*DESCRIPTION OF THE TASK*. All lines from the first line of the material up to and including the line with "HP EliteBook 8440p" must be copied exactly, and no others.
● ● ● ● ●
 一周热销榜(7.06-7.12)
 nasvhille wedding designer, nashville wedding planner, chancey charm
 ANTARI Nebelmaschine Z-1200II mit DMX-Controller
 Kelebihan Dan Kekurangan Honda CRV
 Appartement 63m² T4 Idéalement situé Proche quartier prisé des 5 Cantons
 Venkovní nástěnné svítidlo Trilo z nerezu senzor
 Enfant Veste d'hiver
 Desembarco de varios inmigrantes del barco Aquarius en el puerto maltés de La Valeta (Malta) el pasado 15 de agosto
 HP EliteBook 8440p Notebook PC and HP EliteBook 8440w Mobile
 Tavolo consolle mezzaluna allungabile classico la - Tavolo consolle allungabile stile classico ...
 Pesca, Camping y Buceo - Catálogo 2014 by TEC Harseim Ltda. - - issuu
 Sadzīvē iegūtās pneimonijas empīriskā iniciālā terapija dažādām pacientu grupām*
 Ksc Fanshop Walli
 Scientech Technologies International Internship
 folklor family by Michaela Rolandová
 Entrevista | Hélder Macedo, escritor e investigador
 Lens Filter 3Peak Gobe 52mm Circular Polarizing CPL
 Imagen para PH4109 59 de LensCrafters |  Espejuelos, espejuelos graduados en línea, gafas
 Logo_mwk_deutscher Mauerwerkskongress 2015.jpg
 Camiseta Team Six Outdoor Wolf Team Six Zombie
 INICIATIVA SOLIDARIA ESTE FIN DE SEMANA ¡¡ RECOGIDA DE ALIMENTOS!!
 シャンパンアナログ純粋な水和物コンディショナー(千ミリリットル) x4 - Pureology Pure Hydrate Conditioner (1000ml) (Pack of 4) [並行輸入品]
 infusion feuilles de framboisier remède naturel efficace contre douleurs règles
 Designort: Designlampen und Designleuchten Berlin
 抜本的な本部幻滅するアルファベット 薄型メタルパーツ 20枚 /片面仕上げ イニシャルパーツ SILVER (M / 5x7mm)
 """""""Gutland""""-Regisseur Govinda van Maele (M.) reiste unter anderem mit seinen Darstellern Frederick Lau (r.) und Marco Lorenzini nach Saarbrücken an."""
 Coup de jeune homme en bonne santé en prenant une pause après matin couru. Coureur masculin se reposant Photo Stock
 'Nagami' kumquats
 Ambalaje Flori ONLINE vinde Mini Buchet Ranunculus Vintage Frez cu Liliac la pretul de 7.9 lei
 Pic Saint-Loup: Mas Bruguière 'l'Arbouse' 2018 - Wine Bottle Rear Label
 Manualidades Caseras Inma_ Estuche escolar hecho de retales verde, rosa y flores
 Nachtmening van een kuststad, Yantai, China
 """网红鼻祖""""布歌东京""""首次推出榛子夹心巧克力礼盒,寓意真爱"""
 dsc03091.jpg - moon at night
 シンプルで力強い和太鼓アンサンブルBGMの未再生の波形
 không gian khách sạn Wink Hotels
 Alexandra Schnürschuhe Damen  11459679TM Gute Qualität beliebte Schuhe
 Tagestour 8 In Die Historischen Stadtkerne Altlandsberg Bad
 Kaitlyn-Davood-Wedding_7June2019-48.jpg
● ● ● ● ●
*ANSWER*.
 一周热销榜(7.06-7.12)
 nasvhille wedding designer, nashville wedding planner, chancey charm
 ANTARI Nebelmaschine Z-1200II mit DMX-Controller
 Kelebihan Dan Kekurangan Honda CRV
 Appartement 63m² T4 Idéalement situé Proche quartier prisé des 5 Cantons
 Venkovní nástěnné svítidlo Trilo z nerezu senzor
 Enfant Veste d'hiver
 Desembarco de varios inmigrantes del barco Aquarius en el puerto maltés de La Valeta (Malta) el pasado 15 de agosto
 HP EliteBook 8440p Notebook PC and HP EliteBook 8440w Mobile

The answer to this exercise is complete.